● Work to complete
Quote all of the data that follows exactly as written, skipping the images.

● Information supplied
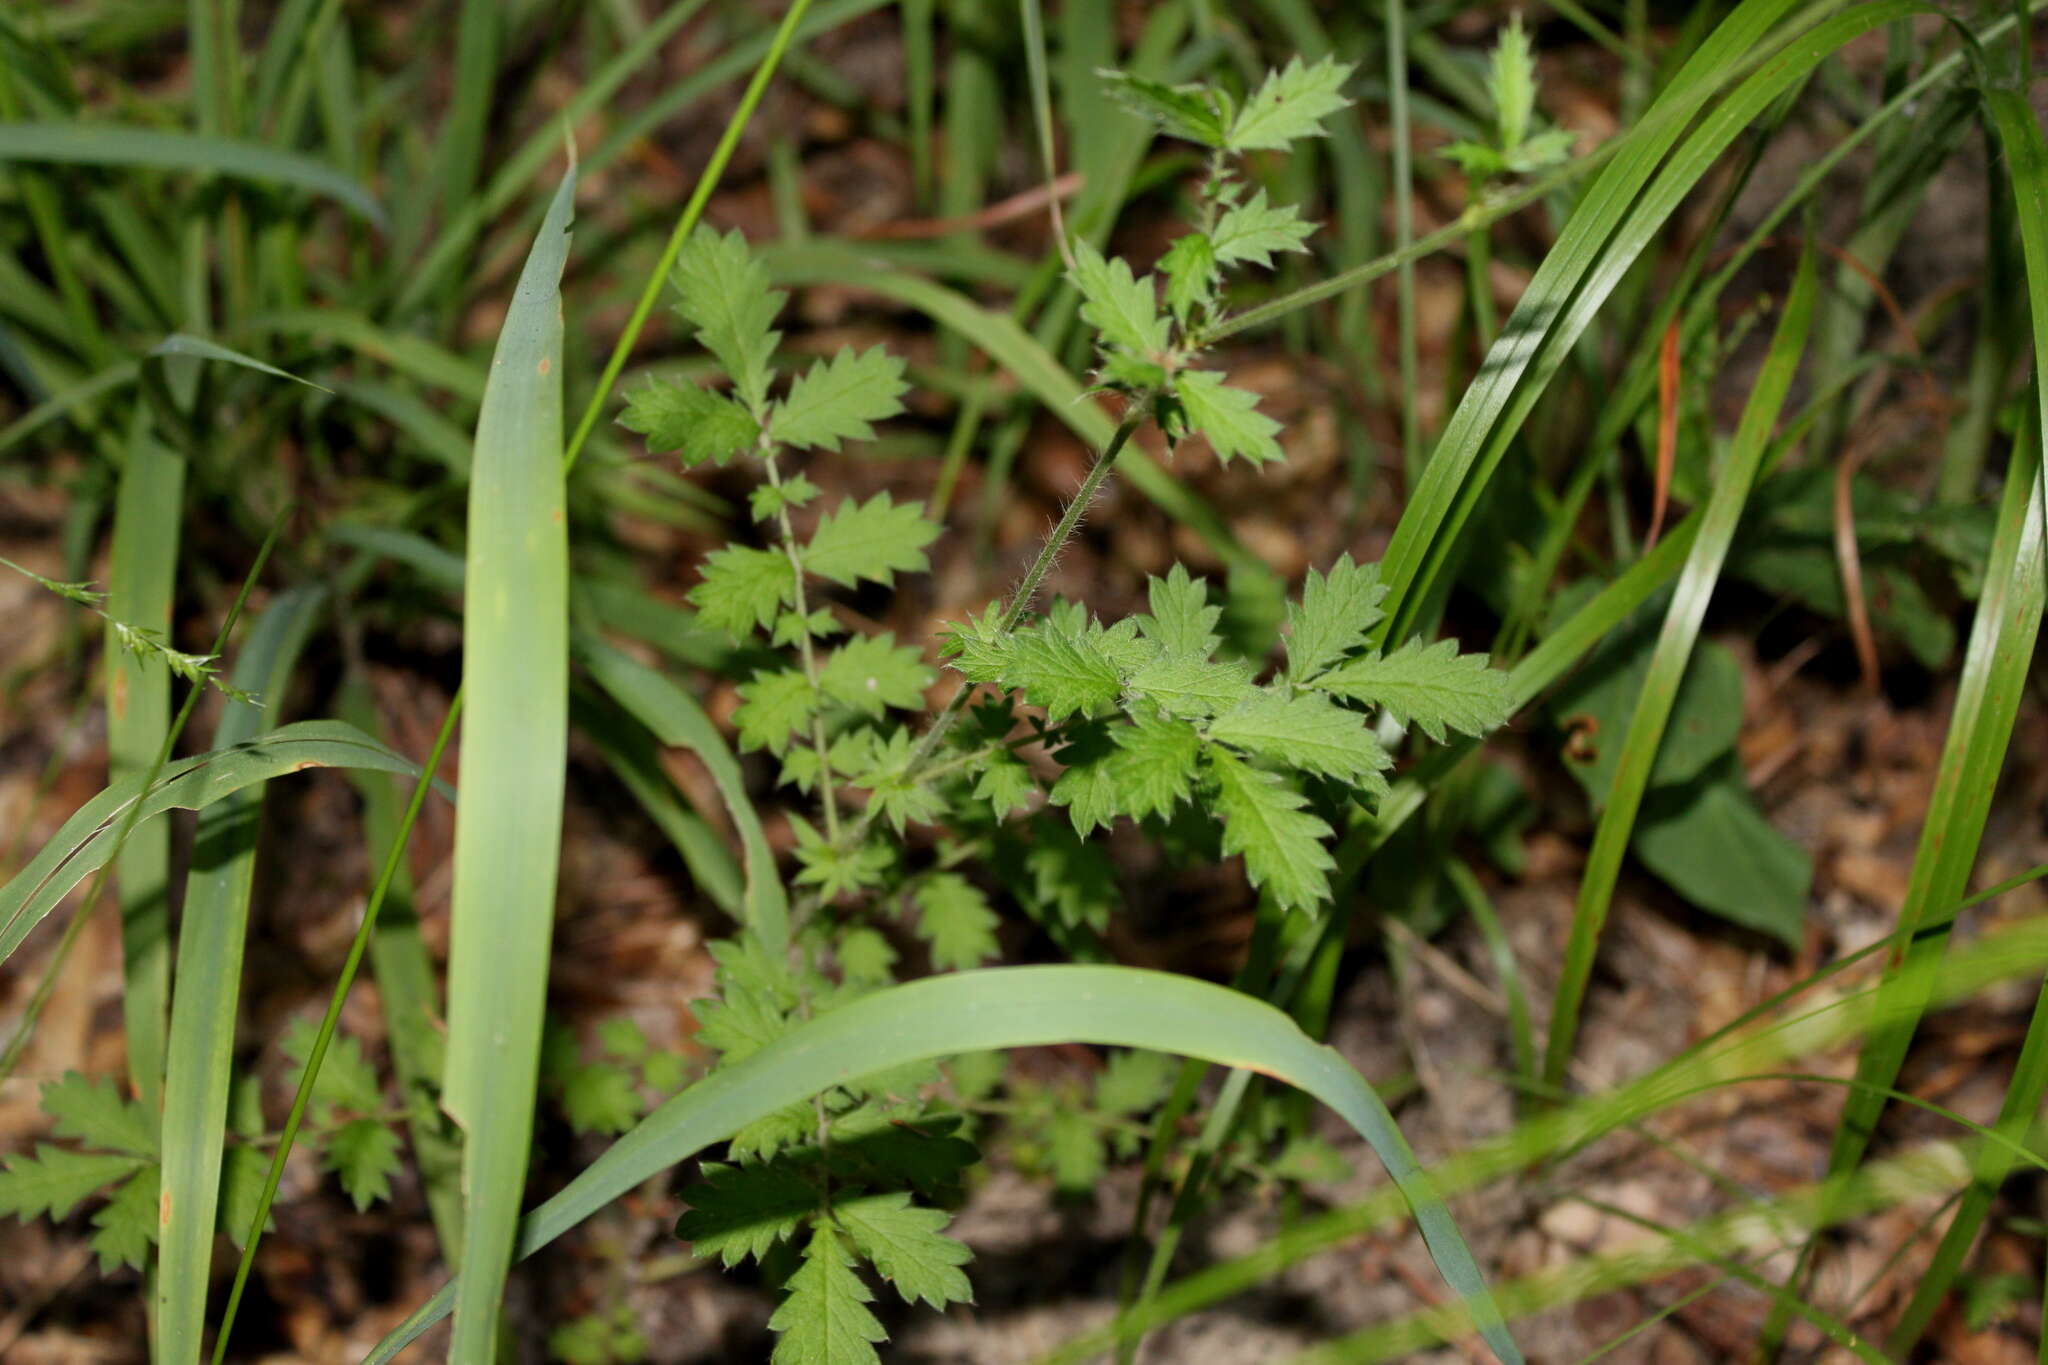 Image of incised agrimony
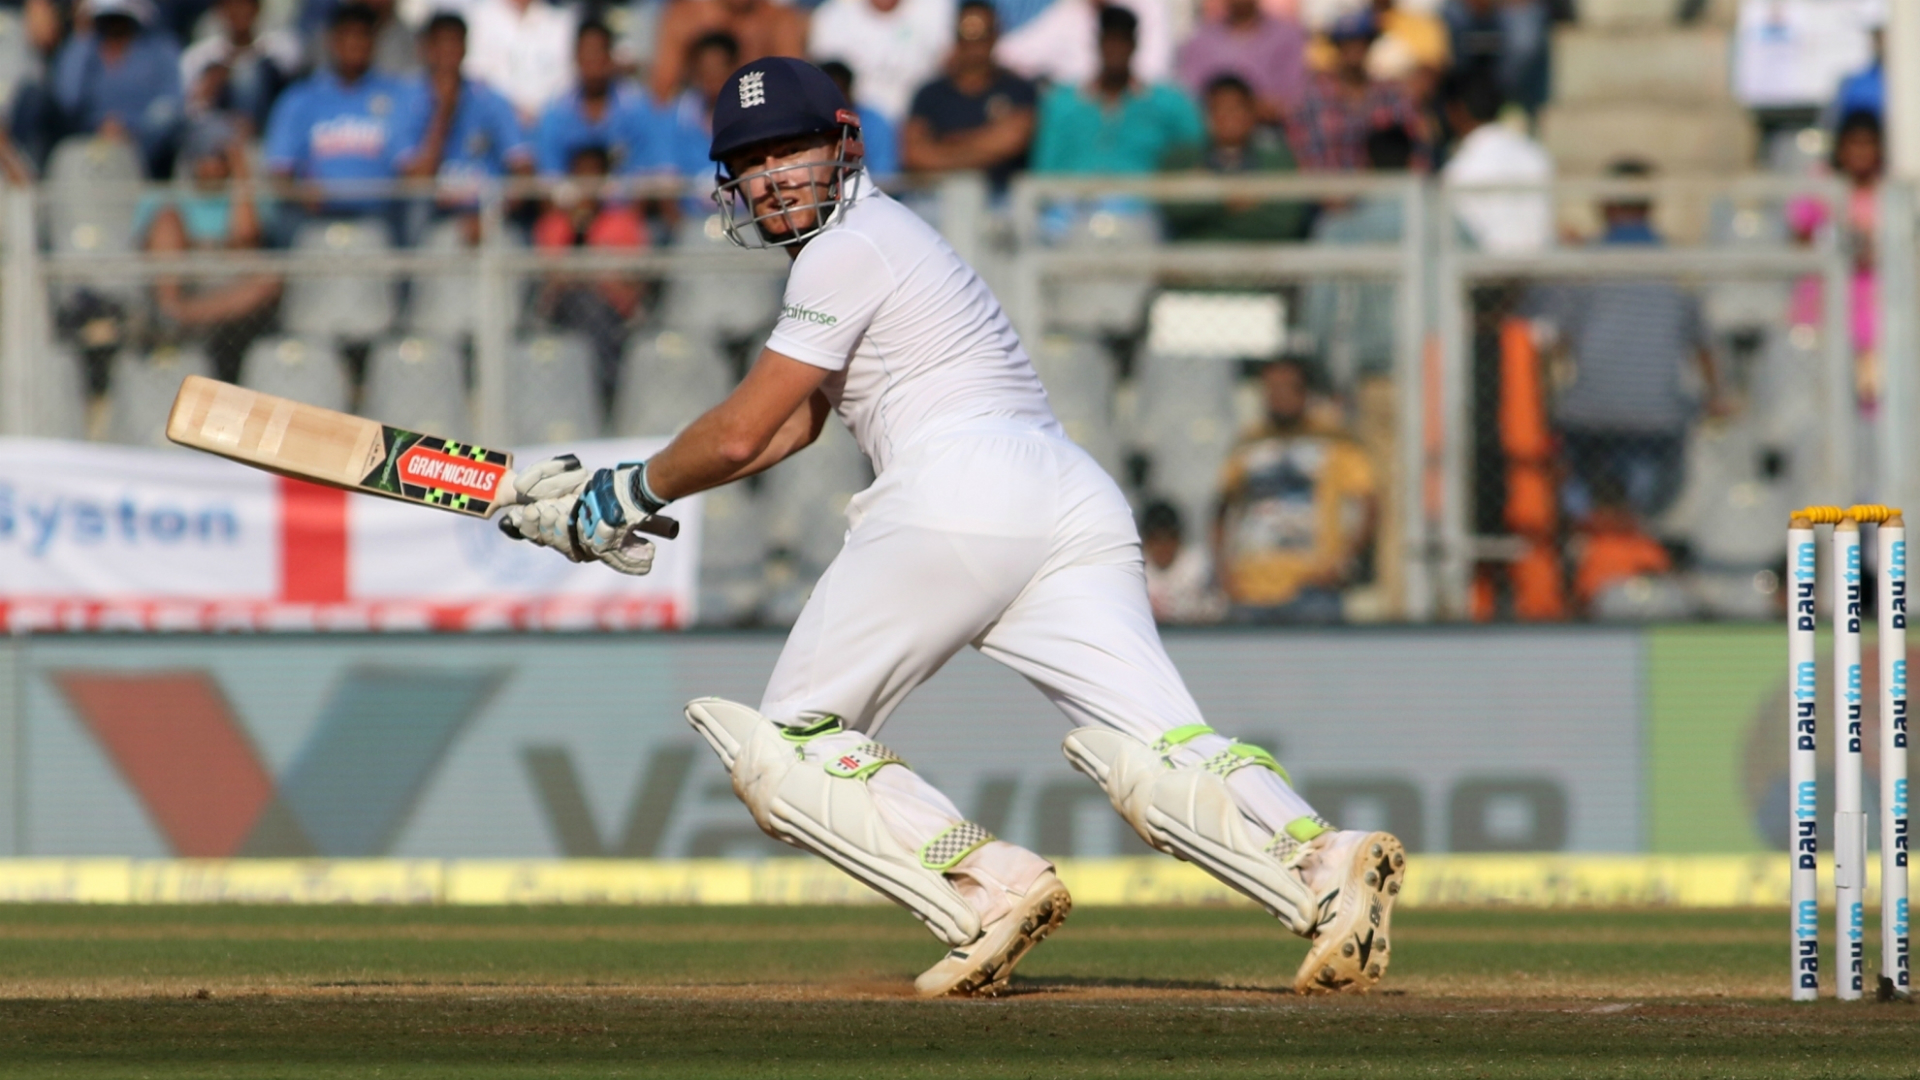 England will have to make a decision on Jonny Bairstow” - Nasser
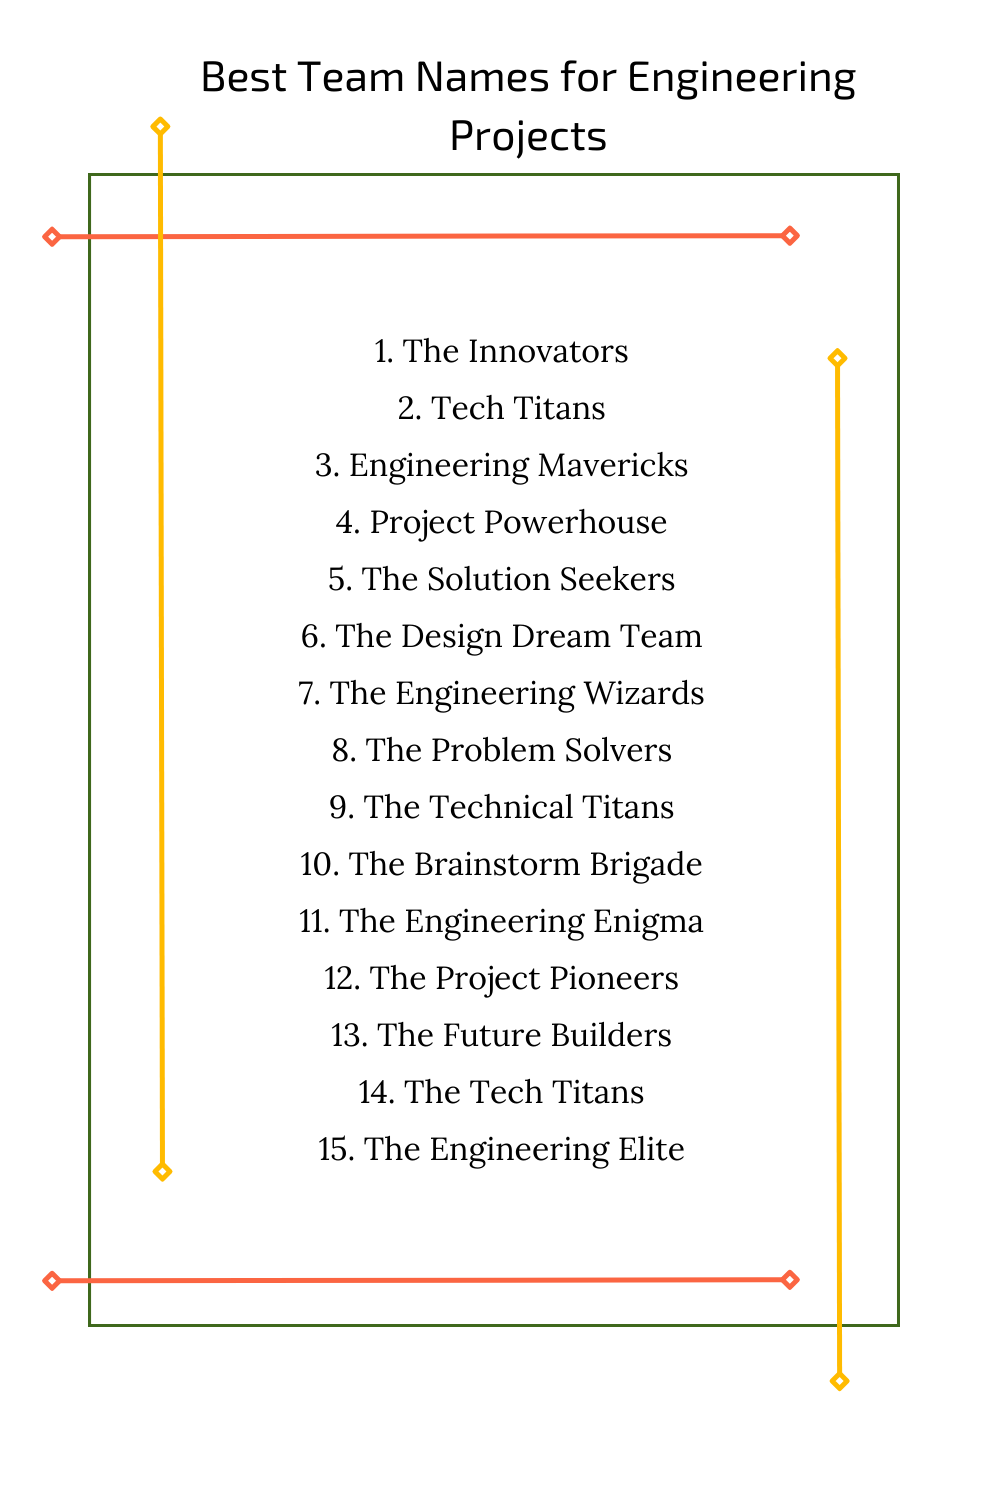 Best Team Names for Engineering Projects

● Exercise answer
 Image of incised agrimony
 England will have to make a decision on Jonny Bairstow” - Nasser
 Best Team Names for Engineering Projects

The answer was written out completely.